The world of networking tends to be bistable: we either centralize everything, or we decentralize everything. We started with mainframes, passed through Lotus 123 hidden in corners, then to mini’s and middleware, then to laptops, and now to the cloud, to be followed by fog. This particular cycle of centralization/decentralization, however, has produced a series of overlapping changes that are difficult to decipher. You can somehow hear someone arguing about disaggregation and hyperconvergence through the fog — but just barely. —CircleID

2 Comments

  1. alan.wijntje 26 July 2016 at 4:13 am

    Very interesting blog post and something to really think about..

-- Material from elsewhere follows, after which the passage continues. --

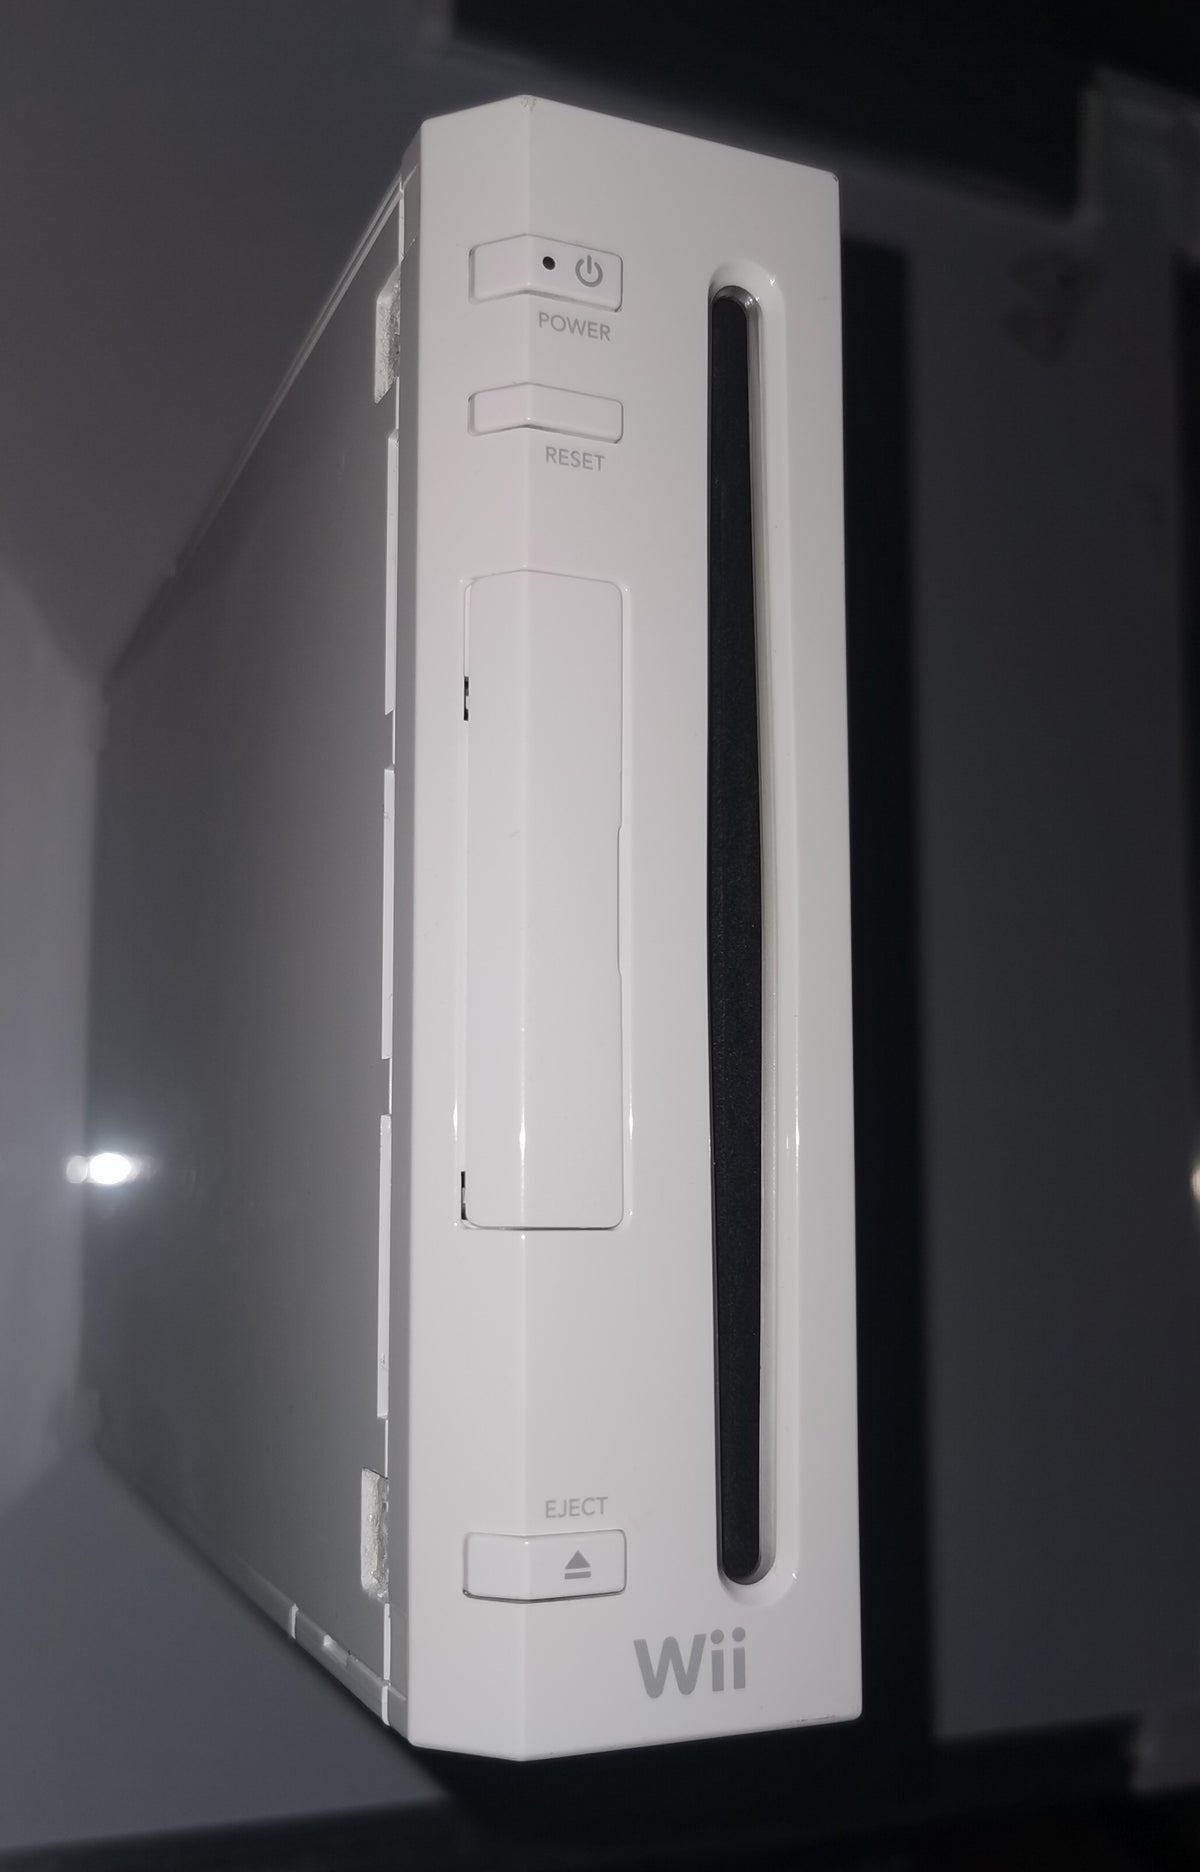 Wii Konsole weiss inkl Remote amp Zubehoer gebraucht (Nintendo Wii) [Gut]

    I did notice a lack of “Software Defined X”, was this intentional (still have to watch your roundtable on SDN)?

    regards,

    Alan

  2. Russ 26 July 2016 at 8:04 am

    I don’t tend to separate out “software defined x” as a “thing,” any more, but rather as one of a range of options in the design space… It’s become more of a marketing term, or perhaps a general idea, than an actual “product,” as so many products have been labeled “software defined…” For instance, I would expect hyperconverged solutions to use a lot of internal SD stuff to glue things together, while disaggregated solutions are bound to use SD stuff more for programmability and disaggregation (OpenFlow as a standard interface into all chipsets, for instance).

    Thanks for stopping by — and, as always, an insightful comment!